#### [WHAT YOU WILL DO]
Exactly and only the lines below from the one containing "shutterstock_1260791887_-_chateau_de_chambord_gardens_aerial" down to the one containing "Elliot K-WAY Retro" are wanted, both included; please exclude every picture.

#### [DATA RECORDS]
····················

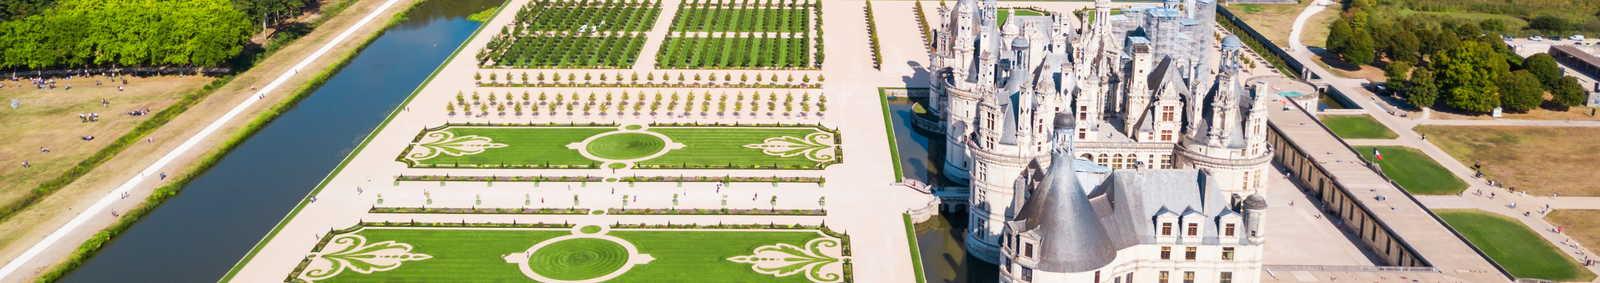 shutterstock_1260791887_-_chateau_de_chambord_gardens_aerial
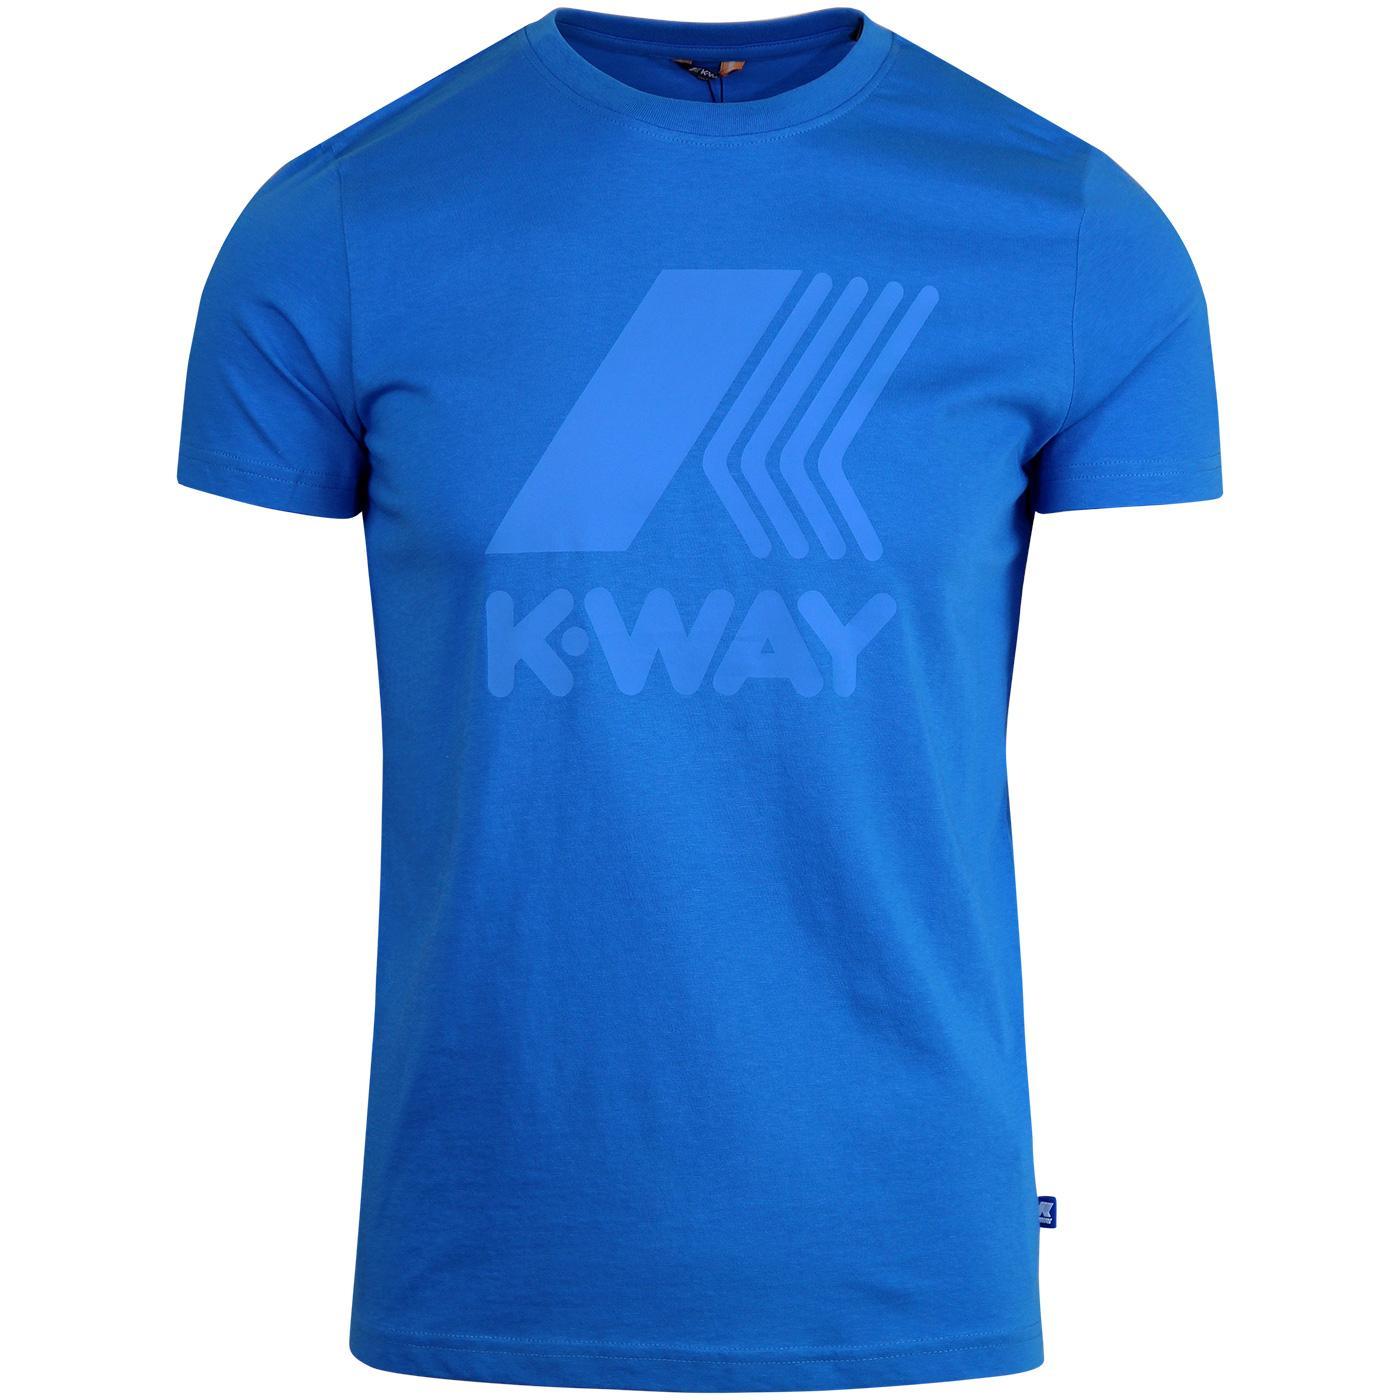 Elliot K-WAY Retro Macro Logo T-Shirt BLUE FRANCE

····················

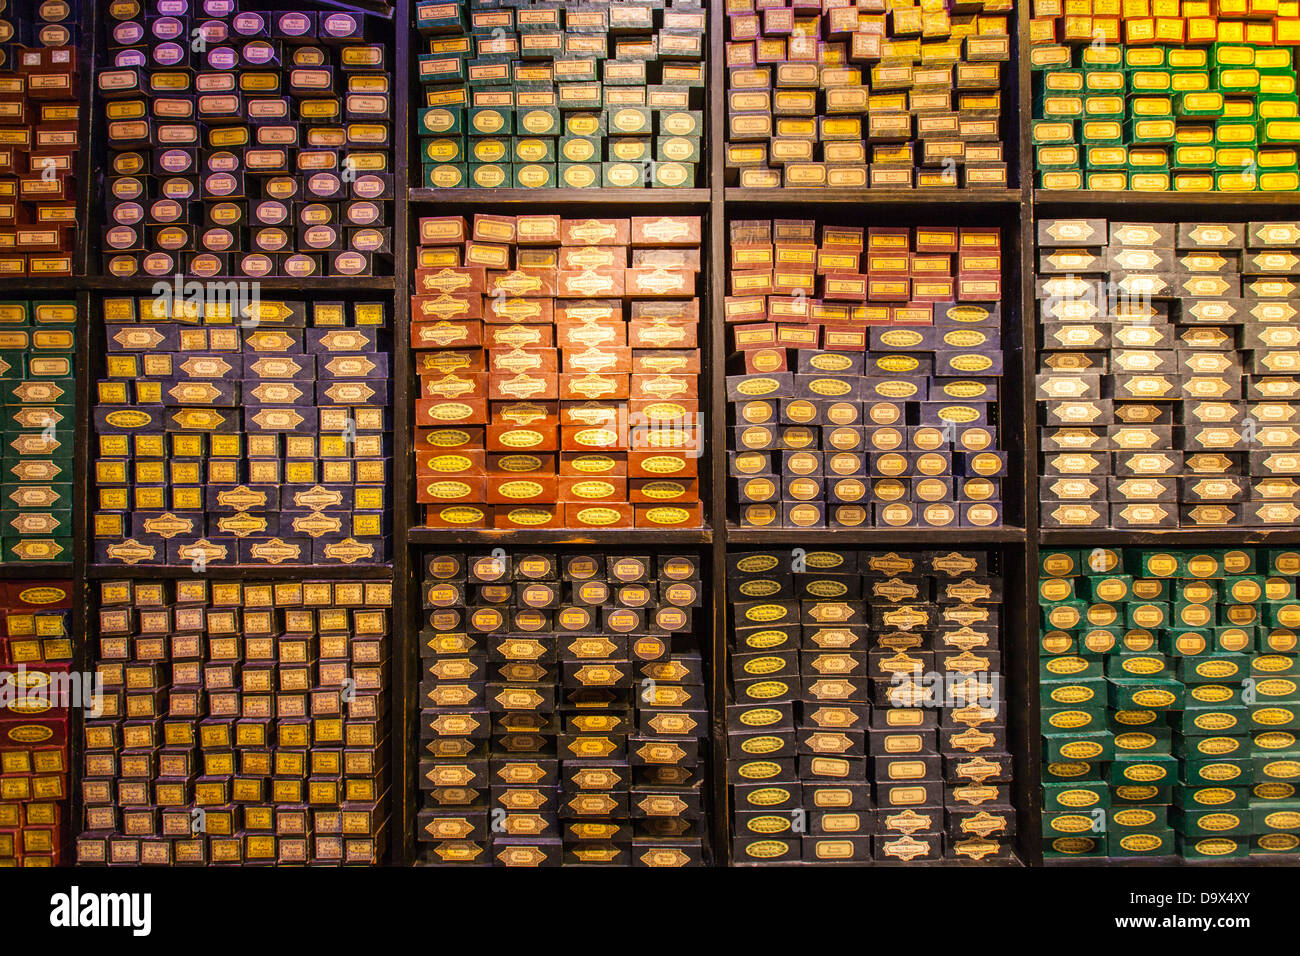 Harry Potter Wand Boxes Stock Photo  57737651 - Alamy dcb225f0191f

····················

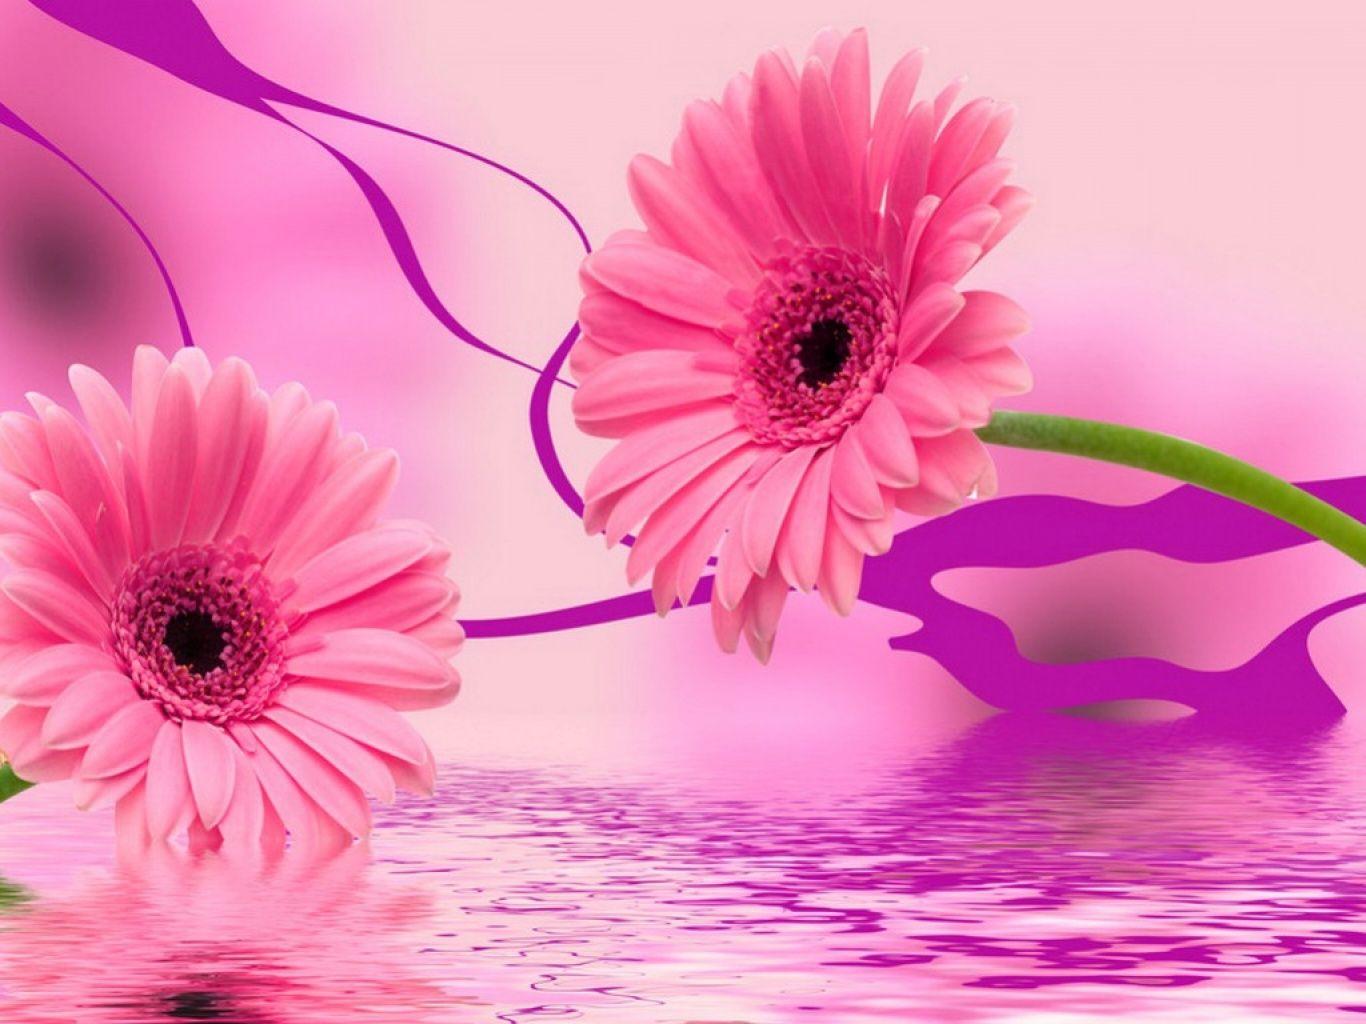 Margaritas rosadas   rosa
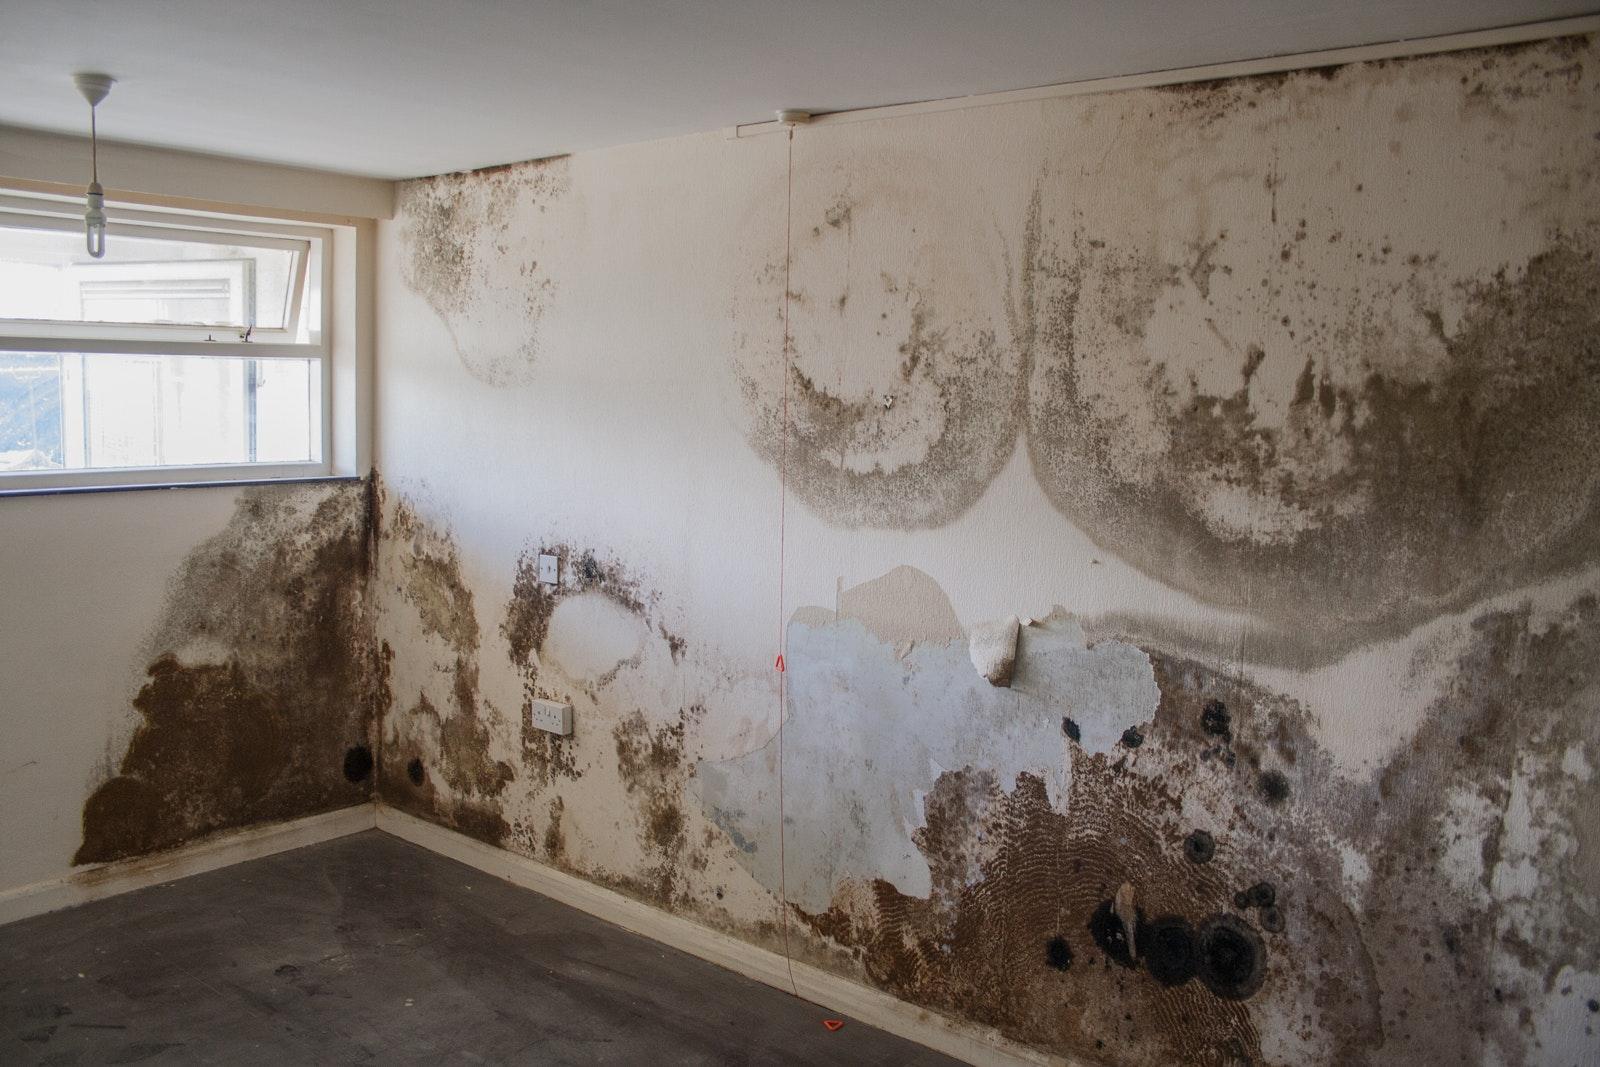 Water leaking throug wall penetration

····················

#### [TASK ANSWER]
 shutterstock_1260791887_-_chateau_de_chambord_gardens_aerial
 Elliot K-WAY Retro Macro Logo T-Shirt BLUE FRANCE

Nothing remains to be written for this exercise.